I hear you. I had to have emergency major surgery on January 3 a few years ago. OMG, the bills! Not a happy new year then, for sure.


I love the United States and I am proud to be an American. I feel like as a country we are being taken for a ride. Our healthcare expenses are absolutely insane.
Anonymous
What worries me is that wage growth is slowing but home/car/health insurance are just ridiculous. Some of these companies that are raising our insurances to these absurd levels don't seem to care at all.
Anonymous
Anonymous wrote:
Anonymous wrote:
Anonymous wrote:In the past 18 days we've had 1 daughter with covid, dh had the flu and my 18 year old who is set to take her state practical esthetician licensing test this Wednesday has been diagnosed with carpel tunnel syndrome and has been to the er and 1 orthopedic doctor who referred her to another. So financially it sucks because we have a $6000 deductible and the medical bills are coming in already.

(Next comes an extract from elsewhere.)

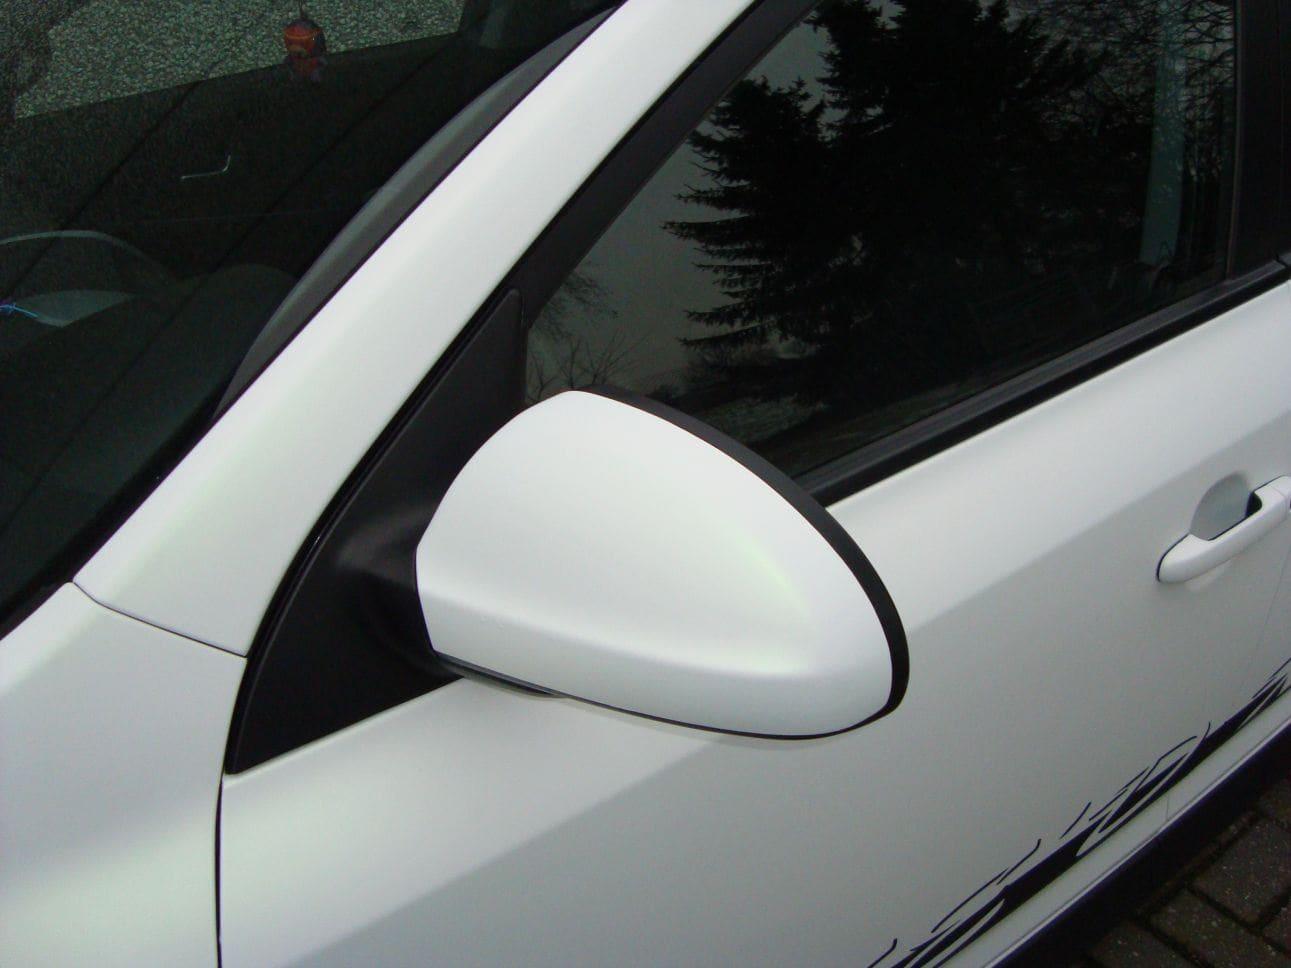 Kia Cee'd XR met Carbon en Witte Wrap, Carwrapping door Wrapmyride.nu Foto-nr:5950, ©2018

I hear you. I had to have emergency major surgery on January 3 a few years ago. OMG, the bills! Not a happy new year then, for sure.


I love the United States and I am proud to be an American. I feel like as a country we are being taken for a ride. Our healthcare expenses are absolutely insane.


Only 1st world country that has personal bankruptcies due to medical bills (and it’s the leading cause of personal bankruptcy).

It’s nuts that it’s a massively controversial debate over telling drug companies that you can’t sell your drugs to other 1st world countries at significantly lower prices than what you charge Medicare and US insurers.

Nobody is even telling them they need to lower their prices here…just if you charge the US $10 then you can’t sell to France for a $1, you either sell to them for $10 or lower the US to a $1.

Just one nuts example.
Anonymous
I got laid off a week ago. At 62, I’m not sure I’ll find a full-time job again.

Coupled with the horror show of the incoming administration and the miserable weather, 2025 is pretty sucky so far.
Anonymous
Anonymous wrote:4 years of Biden catches up with you


Don’t worry. Starting tomorrow everything will be cheaper.
Anonymous
Anonymous wrote:I got laid off a week ago. At 62, I’m not sure I’ll find a full-time job again.

Coupled with the horror show of the incoming administration and the miserable weather, 2025 is pretty sucky so far.


Sorry. Hope you find a job soon.odt importantly I hope your retirement is in good shape.